Thank you! I have to laugh...Lars so doesn't take rally seriously. RAWR!


----------



## trainingjunkie (Feb 10, 2010)

I think it's astonishing that so few people respond to these happy threads! I find it hard to bring myself to post anything because I can't take the silence! 

Silly dogs rock! You're doing great! Thank you for sharing!


----------



## SDRRanger (May 2, 2013)

Good god, he was drilling his stare into you....that is the type of connection they were talking about in my obedience class.....amazing.


----------



## MrsBoats (May 20, 2010)

trainingjunkie said:


> I think it's astonishing that so few people respond to these happy threads! I find it hard to bring myself to post anything because I can't take the silence!
> 
> Silly dogs rock! You're doing great! Thank you for sharing!
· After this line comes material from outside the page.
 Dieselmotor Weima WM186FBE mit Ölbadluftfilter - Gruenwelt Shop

I find it astonishing too no one ever posts to brag threads either. I actually stopped posting stuff too because no one said anything...I thought no one cared honestly which is weird for a sports/show forum. Granted I'm not on here all the time and I'll miss other threads...but I'll be the first one to say "awesome job" on a job well done. 
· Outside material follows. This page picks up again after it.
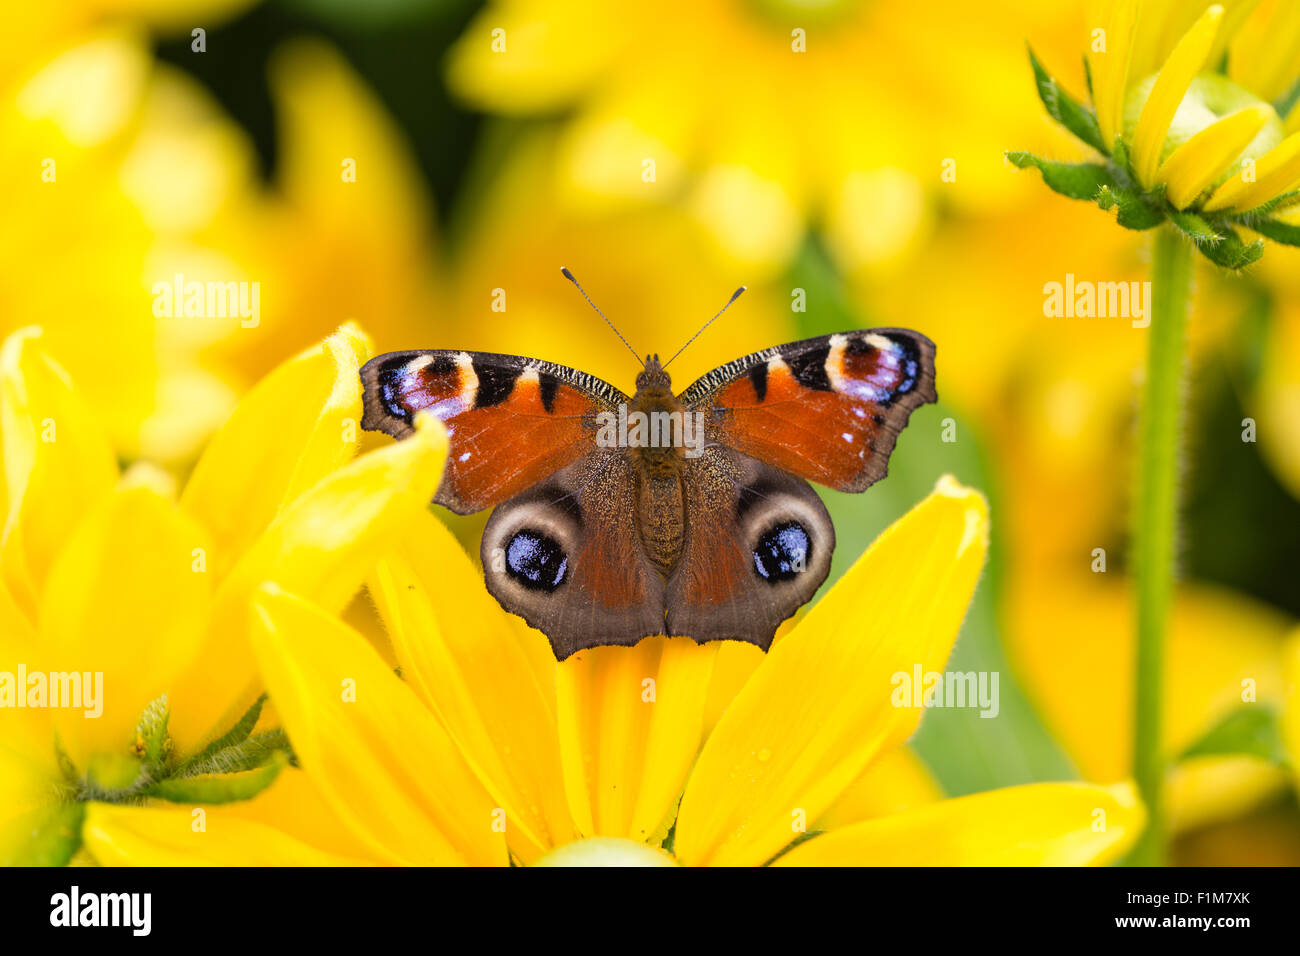 Mariposa Pavo Real europeo tomando el sol en una flor amarilla Foto de stock

SDRR, I can't take credit for Lars' attention...he was born with that software package installed. ROFL People ask me all the time how did I teach that...and I have no answer because I didn't. I was blessed with it. In regular obedience, it's even more focused...in rally he'll break attention to make sure he isn't going to heel over something (because I've had him heel into jumps, signs, people, etc.) because he's not looking where he's going. LOL


----------



## Kyllobernese (Feb 5, 2008)

I am going to my first Rally class tonight. I have watched dogs like yours and it made me really interested in Rally. They certainly do well at it. I have done formal Obedience (CKC) in the past but Rally looks like a lot more fun. I am taking Lucy, my Shih Tzu x Maltese as she has had some Obedience classes but I am really looking forward to doing it with my Dobe pup when she is a little older, she is just five months old in a week.


----------



## MrsBoats (May 20, 2010)

Rally is a lot of fun and it does have a lot of obedience exercises from formal obedience in it. When you start getting into Rally Excellent...some Utility like stuff will show up. I started teaching my guys rally novice signs when they are about 6 months old. There's not much in RN that a baby dog with some classes behind them can't do. 
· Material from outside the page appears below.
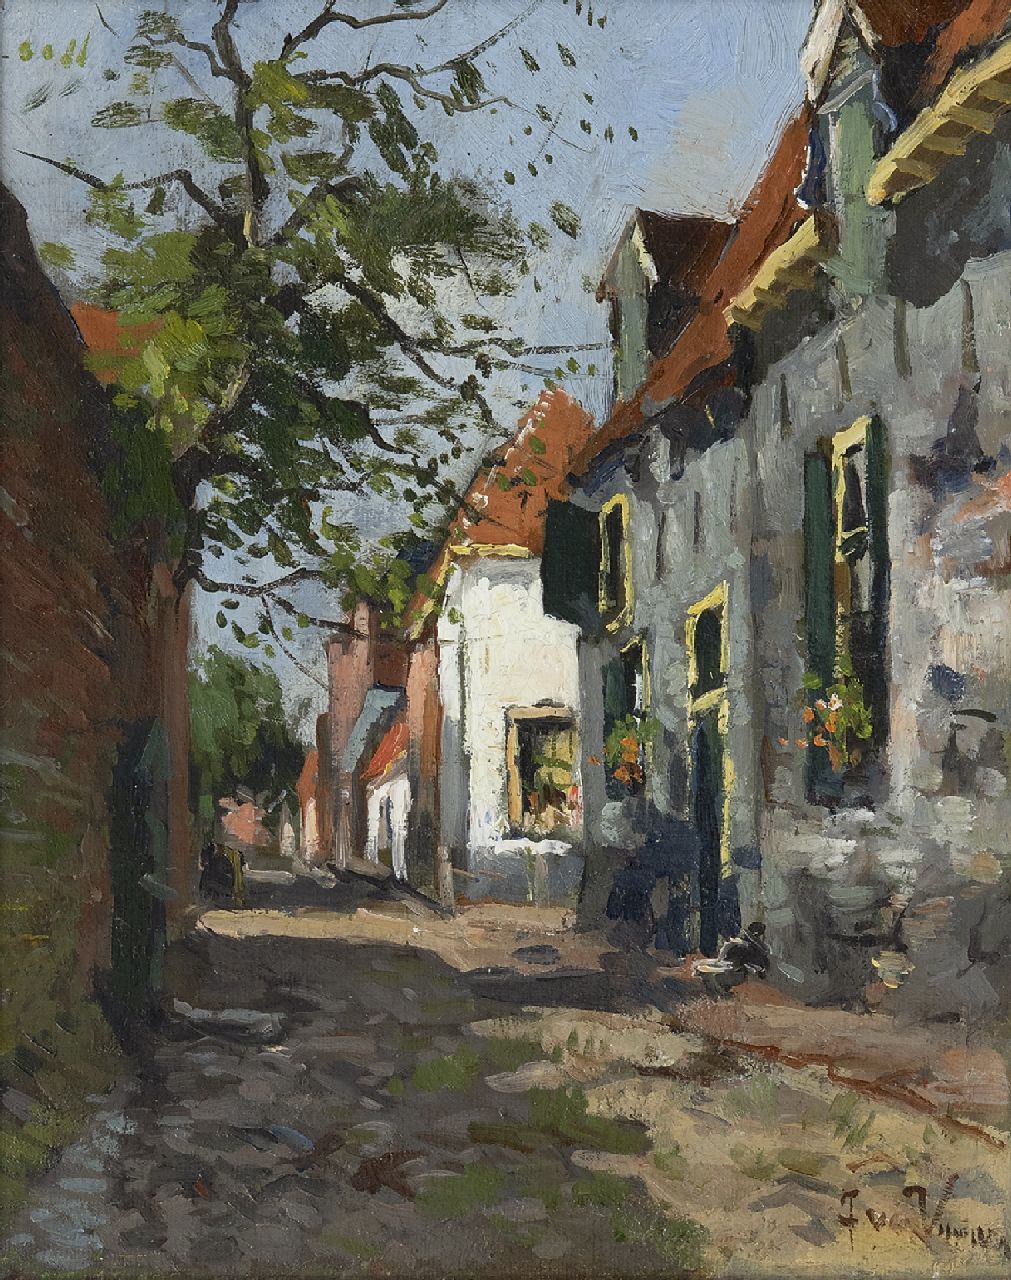 Vuuren J. van | Jan van Vuuren, A sunny street in Elburg, oil on canvas 24.6 x 19.7 cm, signed l.r.

I will say sometimes rally will sort of mess with formal heeling...at least it did with Lars and me. I use my head, shoulders, and my eyes a lot to handle Lars in obedience heeling. Because I was always looking all over the place for signs and stuff...he ignored all of the important subtle cues people used in heeling. Footwork means nothing to him because he is so focused on my face. So, I had to do some back tracking when I started on our obedience journey and teach him to pay attention to my eyes and head placement. I've also discovered that Lars gets frustrated with the herky jerky heeling "patterns" of rally as opposed to just heeling out in obedience. He's a man of forward movement...anything that is a turn to the left and halts are irritating. I have a feeling that's what the RAWRS were from in Rally Advanced...he doesn't do that while heeling in formal obedience. He's a fascinating guy...and he has taught me so much.


----------